Methods Using a 37-marker mass cytometry panel, freshly digested tumor tissue from surgically resected primary (n=6) and untreated liver punch biopsy metastatic (n=10) PDAC samples were evaluated for various immune features at the single cell level. Stained samples were fixed, run on a Helios™ mass cytometer and analyzed via FlowJo and Cytobank software.

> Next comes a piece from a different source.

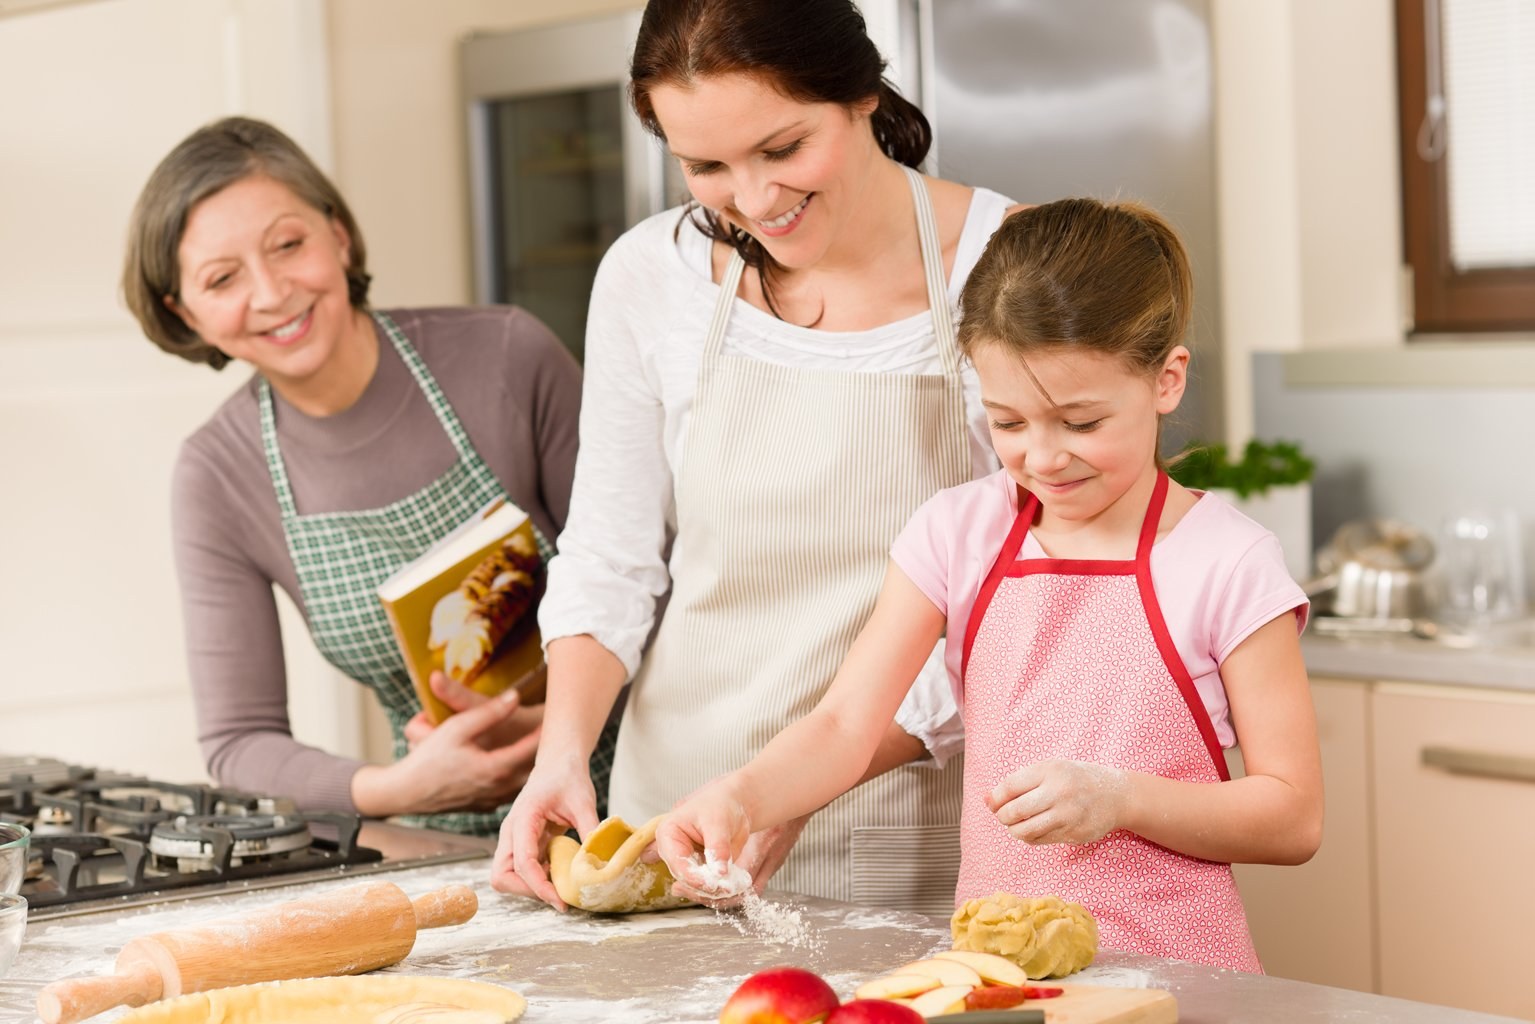 Готовить еду пирог. Кухня для детей. Семья на кухне. Готовка с детьми на кухне. Дети готовят с родителями.

Results Fewer CD45+ cells were present in metastatic compared to primary PDAC tumors. CD19+ B Cells (3.65% ± 5.19 of live cells) dominated among other immune populations in metastases. Yet these B cells appeared less activated in metastatic PDAC, signified by fewer B cells expressing HLA-DR+ (57.67% ± 26.49 of CD19+) versus the primary cohort (84.95% ± 21.19 of CD19+). Primary samples had significantly more myeloid, NK and T cells (p=0.017, p<0.01 and p=0.015, respectively) versus metastases. Moreover, primary tumors had significantly higher CD38+CD4+ and CD38+CD8+ T cells (consistent with an exhausted phenotype), while ICOS and TIGIT were elevated on T reg from primary vs. metastatic tumors. A survey of checkpoints revealed that LAG-3, TIGIT, and PD-1 were the most prevalent markers across both CD4+ and CD8+ T cells. Further analysis revealed proliferative (Ki67+) CD11b+ cells at both tumor sites. Metastatic sites had prevalent PMN-MDSC-like myeloid cells, but few M-MDSC-like myeloid cells. In-depth analysis of T cell populations revealed more CD4+Tbet+ Th1-like cells in primary (37.83% ± 34.13 of CD4+) as compared to metastatic samples (12.34% ± 31.43 of CD4+). Antigen-exposed CD45RO+PD-1+ T cells (CD4+: 60% ± 33.28; CD8+: 44.17% ± 23.38) and TCF-1+PD-1+CD8+T cells (37.88% ± 33.27 of CD8+) were also predominant in primary samples.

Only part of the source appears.